Sunday, December 28, 2008

Short Treasuries & Thoughts On Previous Posting

They're going to drop harder than Milli Vanilli's career. It's not a matter of if, it's a matter of when. The only caveat is if we experience sustained deflation. I doubt this will happen with helicopter Ben at the helm. This article provides the info.

Also, I was wrong a month ago on two counts.

One, I was wrong that oil would fall to $40. It actually fell below that amount.

Two, I was wrong when I wrote that the market rally above 8,000 would be temporary. It seems to be stable for the time, and based on the huge amount of money flowing into Treasuries, it may actually be undervalued despite the CAPE figures. I wonder if CAPE is wrong; that is, if the supply of capital has so increased in the last few decades that the required return on equity has fallen, thus allowing for stable and higher P/E ratios across the board. In this case, a simple mean reversion comparison over the last century would be inaccurate since it would not account for the possibility of a newly higher average P/E.

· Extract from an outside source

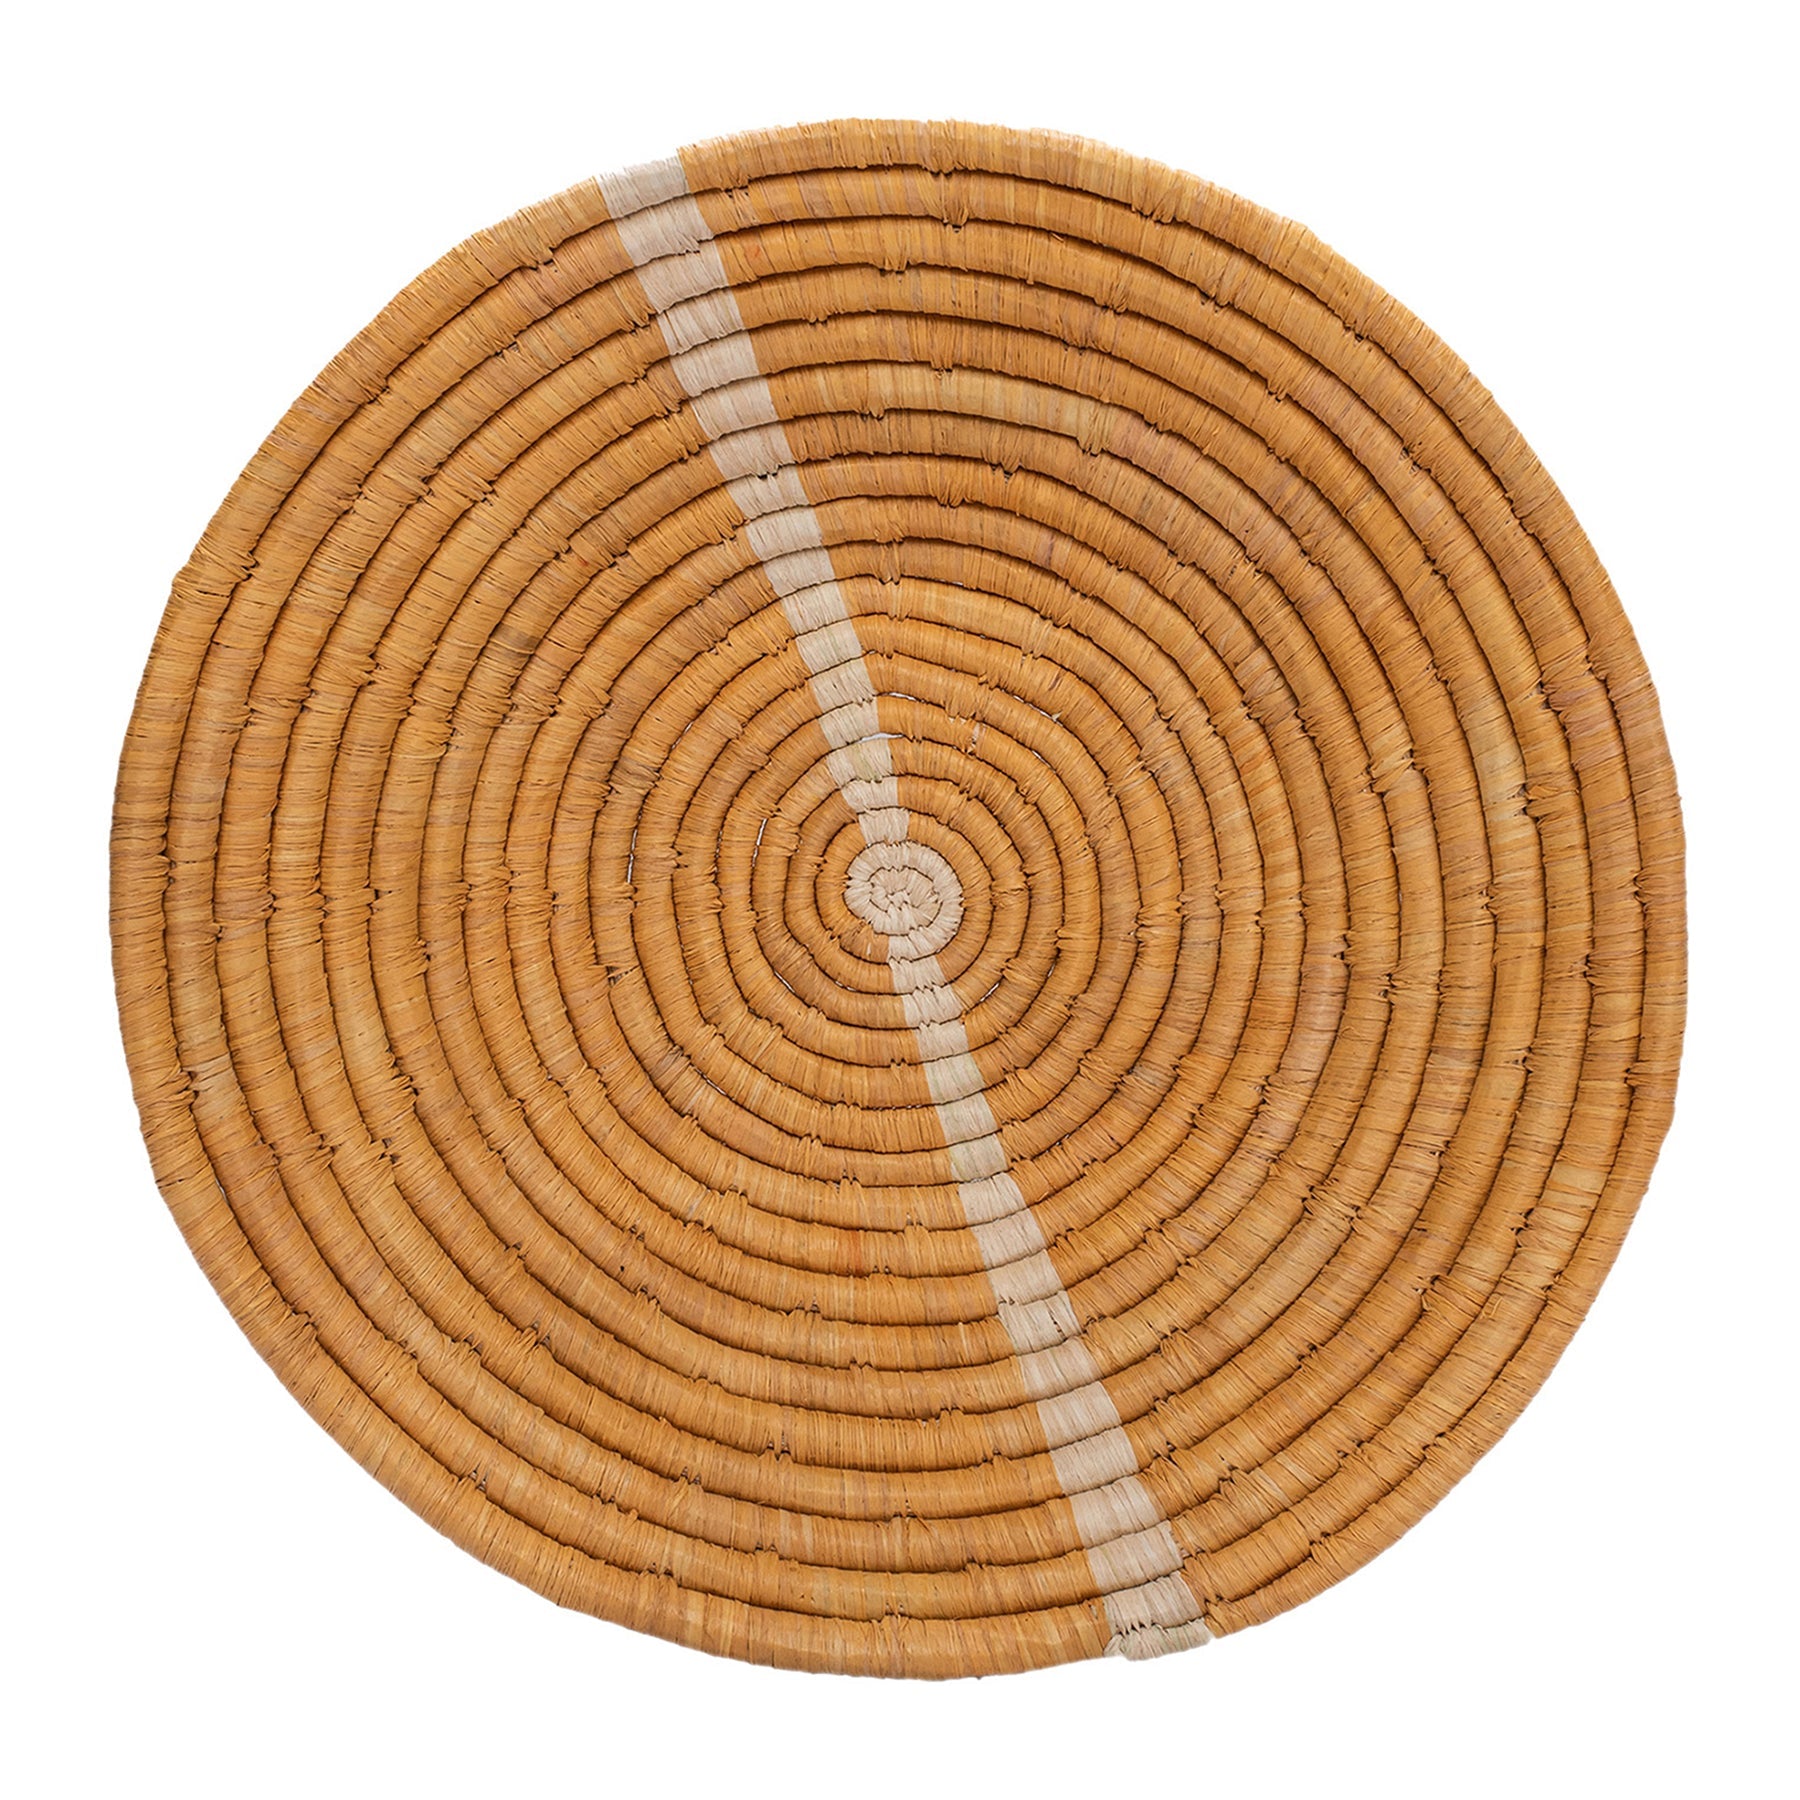 12" Large Tan Striped Round Basket

Thursday, December 25, 2008

Ho ho ho!

Undervaluations ahoy!

A cheery article in the FT in anticipation of a year that will be anything but. Here are some good quotes:

"

The most interesting now lie in the corporate bond market. As Mark Kiesel of the bond fund manager Pimco points out, high quality credit spreads are trading at their widest levels for 75 years, while investors this month have been able to put their money into a diversified basket of investment grade corporate bonds yielding 8 per cent compared with an earnings yield on the S&P 500 of 6 per cent or less.

All across the developed world, corporate bond yields appear to be discounting defaults on a scale that defies common sense.

Equities likewise look cheap in big markets in terms of the Q ratio, which measures share prices relative to the replacement cost of net assets, and price earnings multiples. Yet the market will probably have to cope with some spectacular bankruptcies in 2009 and in a more muted capitalist environment the earnings prospect in the developed world looks unexciting.

So while the market will find a floor, any bounce may be tame. The way to make big money in equities will be to identify those companies that will defy the market’s expectation that they will fail."

Also:

"The tank traps next year could be in the government bond markets. With no borrowing taking place in the private sector, governments are being crowded in. Hence low yields on fixed interest debt. When credit markets return to health, this will be very dangerous territory.

If you still feel gloomy, remember that it could be worse. In December 1974 the dividend yield on the FT All-Share index reached 12.7 per cent. Things may be bad, but I don’t think we are going back there."

I don't understand what 'tank traps' are in a financial sense. Nor do I fully understand the meaning/implication of crowding-in. And why that leads to low yields on fixed interest debt (is he talking about treasuries?) and why this will be 'dangerous.'

Wednesday, December 24, 2008

Jim Cramer's Advice Worse Than A Coin Toss

Hahahah.

Link Here

A sweaty balding man who probably does a dozen rails before the show runs across a room screaming stock tips at the audience, and plays wacky noises to indicate whether a stock should be bought or sold. And millions of people take him seriously. I've always thought it was hilarious (human stupidity tends to be) and I'm glad to see that my thoughts are vindicated.

Monday, December 15, 2008

Commodity Price Outlook

Commodity prices shall return!

The question is, will they begin a consistent upward trend at the beginning, middle, or end of the recovery (once it starts to take hold)? And further, if one wanted to invest in commodities, what would be the best way? Futures contracts? Specific equity indices which are highly correlated with commodity price movements (such as oil companies)?

Tuesday, December 9, 2008

A question

Suppose in a flash of economic magic, the entire world's population was elevated to the prosperity and standard of living of the average American citizen. Given the earth's limited natural resources, is this level of consumption sustainable in the long term? If not, what can be done about it? After this economic speed bump we are experiencing, which may last anywhere from 1-3 more years (though possibly less) world economic growth will undoubtedly return to its long-term trend of 4-5% per annum. And eventually most of the world WILL be living like the American consumer of today (while the American consumer of today will have an even greater standard of living).

Tuesday, December 2, 2008

Mark to Market

In an efficient, rational market where asset prices are set according to their likely future inflows discounted to the present at a realistic discount rate, marking to market is a great idea. Having written that, you probably get the jist of what I'm about to say next.

Markets go through periods of terrible inefficiency for indeterminable amounts of time. For example, banks (which rely on positive balance sheet capital to stay solvent) may experience such dramatic, irrational writedowns in the values of their assets (loans for example) that they could potentially be shut down, even though those loans will eventually be paid in full and the primary reason for their dramatic loss of value is irrational fear. In this instance, mark-to-market accounting is a terrible idea and may even cause nasty feedback loops, to the point where what began as an irrational selloff of a financial institution might become rational as other actors lose confidence and stop transacting with the institution. When that happens, the company is doomed, unless uncle Hank steps in with billions of dollars in bailout cash.